In May, Jagdeo had disclosed that CRFGL had advised they were “having a hard time doing the BOOT Contract and they want to shift to an EPC plus financing, where the government finances the project and they will be the contractors.” The suggested model of financing by CRFGL was not in compliance with the terms under which the company bid for the project. Jagdeo had said “they simply can’t raise financing,” when asked about the challenges in the negotiations. The project would have cost roughly US$1 billion. Since last November government has been in negotiations on the project, which has been on and off its agenda for over 15 years.
“The last six months we have been struggling to reach an agreement. We will have to give a deadline and cancel if they can’t proceed with the original model…The tender was about Build, Own, Operate, Transfer, not a EPC Plus finance model…so we may have a setback on that,” Jagdeo said in May during a press conference.
Jagdeo responded in the negative when asked if there are considerations to engage the second most competitive bidder, stating that that bidder proposed a higher retail selling figure per kilowatt per hour – US 9.9 cents. CRFGL, in their bid, proposed to sell electricity to the government at US$0.07737 per kWh. With the gas to energy project set to come on stream some years from now, Jagdeo said it would not be feasible to lock in an agreement to purchase electricity higher than US 6 to 7 cents per kilowatt hour. He stated that when the project was initially conceptualised and undertaken by Sithe Global, a subsidiary of Blackstone, government was prepared then to purchase electricity at US 10 cents per kilowatt per hour since Guyana was generating electricity at twice that cost.
At the May press conference, Jagdeo, when questioned on whether government is prepared to engage in an EPC financing model should they return to tender, said there has been no consideration regarding the utility of that model and extensive discussions will have to be undertaken before a commitment can be made. The contention then was that the BOOT model chosen for the construction of the AFHP was well thought out since government did not want to incur any debt. Under the BOOT arrangement, CRGL would have operated the project for twenty years before transferring it to government. CRGL was awarded the contract on Cabinet’s no-objection after being deemed the “most capable partner” for the project.
Jagdeo last November had said “Amaila still remains the best option for meeting baseload renewable energy for Guyana.
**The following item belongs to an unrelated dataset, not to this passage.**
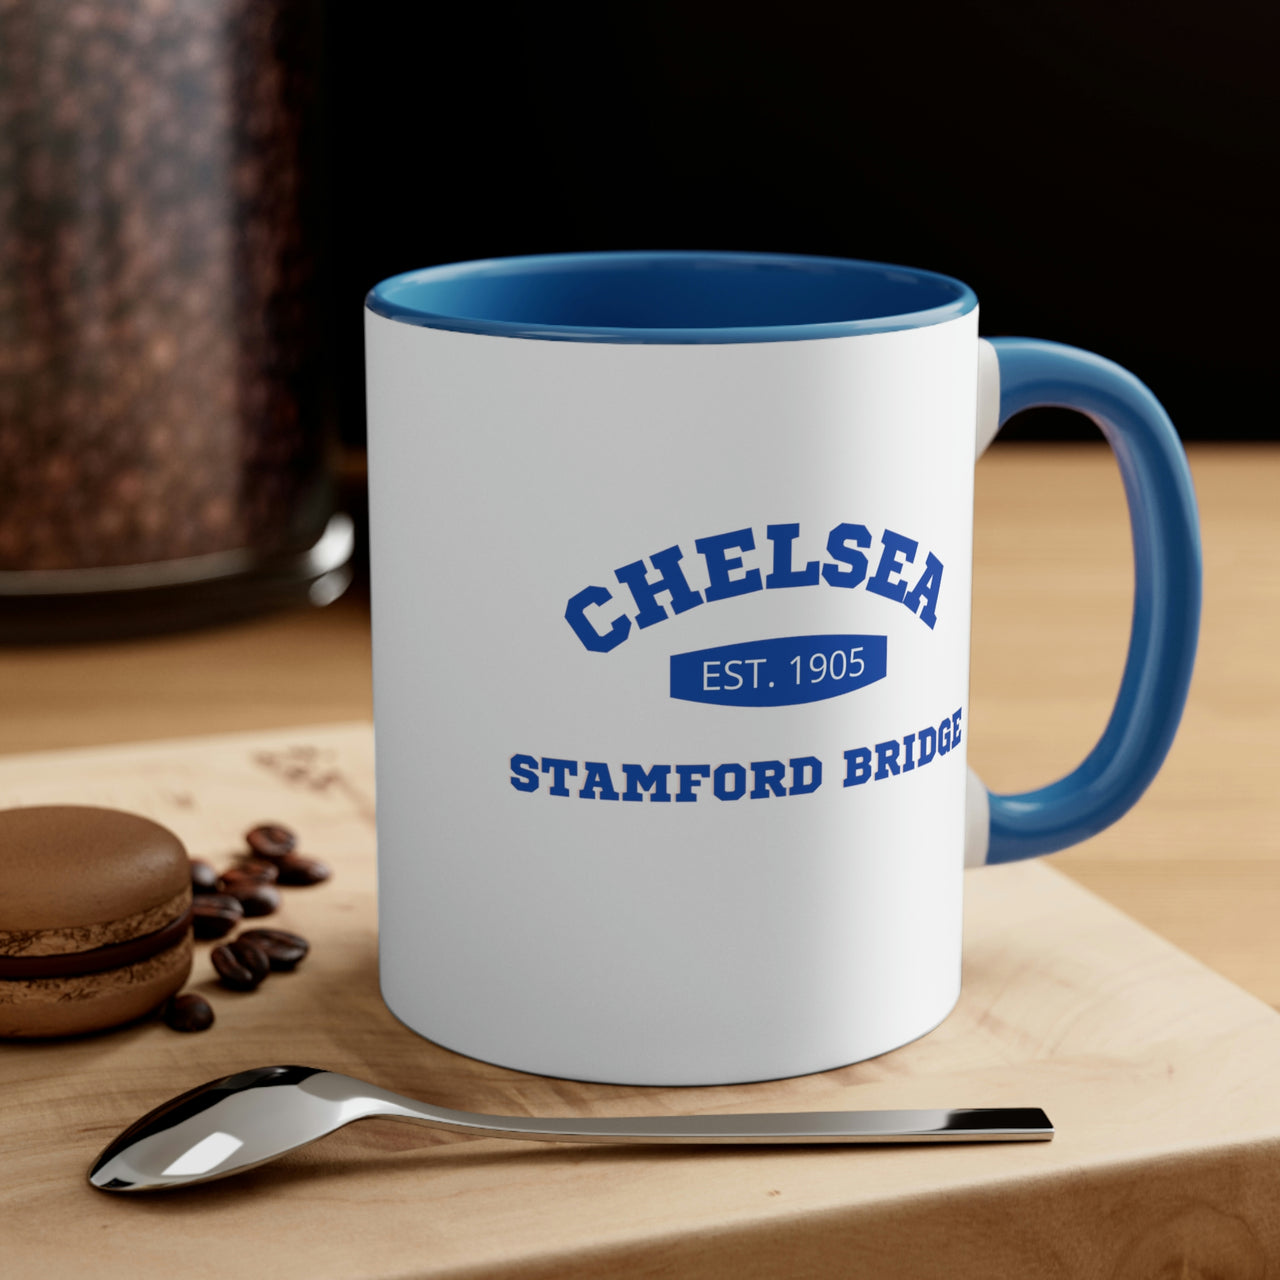 Chelsea Coffee Mug, 11oz
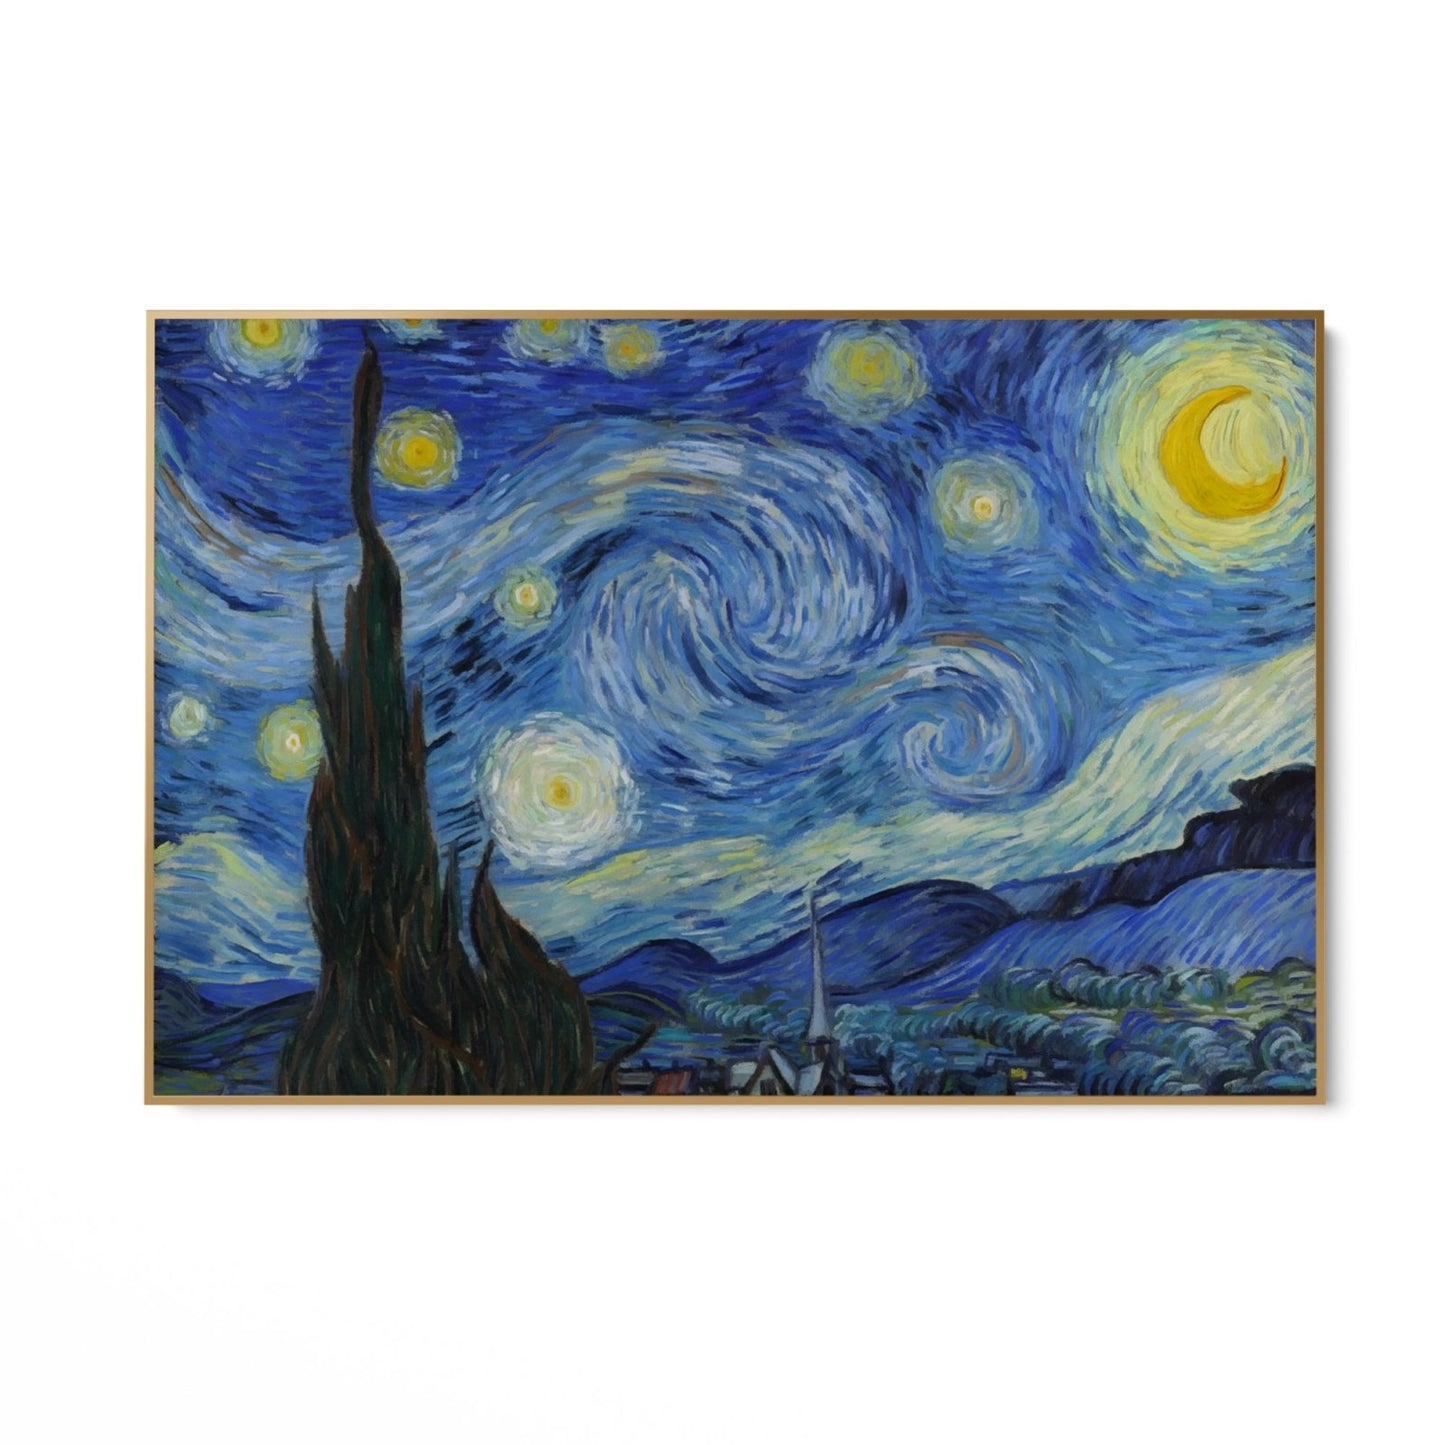 Hviezdna noc, Vincent Van Gogh

That is the only way you can decarbonise, so the only way to achieve renewable energy is through the construction of the hydropower,” while making reference to a Norway study done after the former David Granger-led administration took office. He explained that despite the delays and shelving of the project by the APNU+AFC coalition-led government in 2015, Guyana stood to benefit from a better deal. According to Jagdeo, in the initial deal, electricity would have been purchased at US 10 cents per kWh, but under the new deal GPL will be purchasing electricity at US 7 cents per kWh or lower. The hydro project, previously pegged at US$858.1 million, was the pre-2015 PPP/C government flagship project. However, then opposition A Partnership for National Unity (APNU) and the Alliance For Change (AFC) used their joint one-seat majority to effectively halt the project. Once in government in 2015, the APNU+AFC coalition scrapped the project, citing costs and other concerns, while signalling that it was focusing on an energy mix with natural gas as a prime component.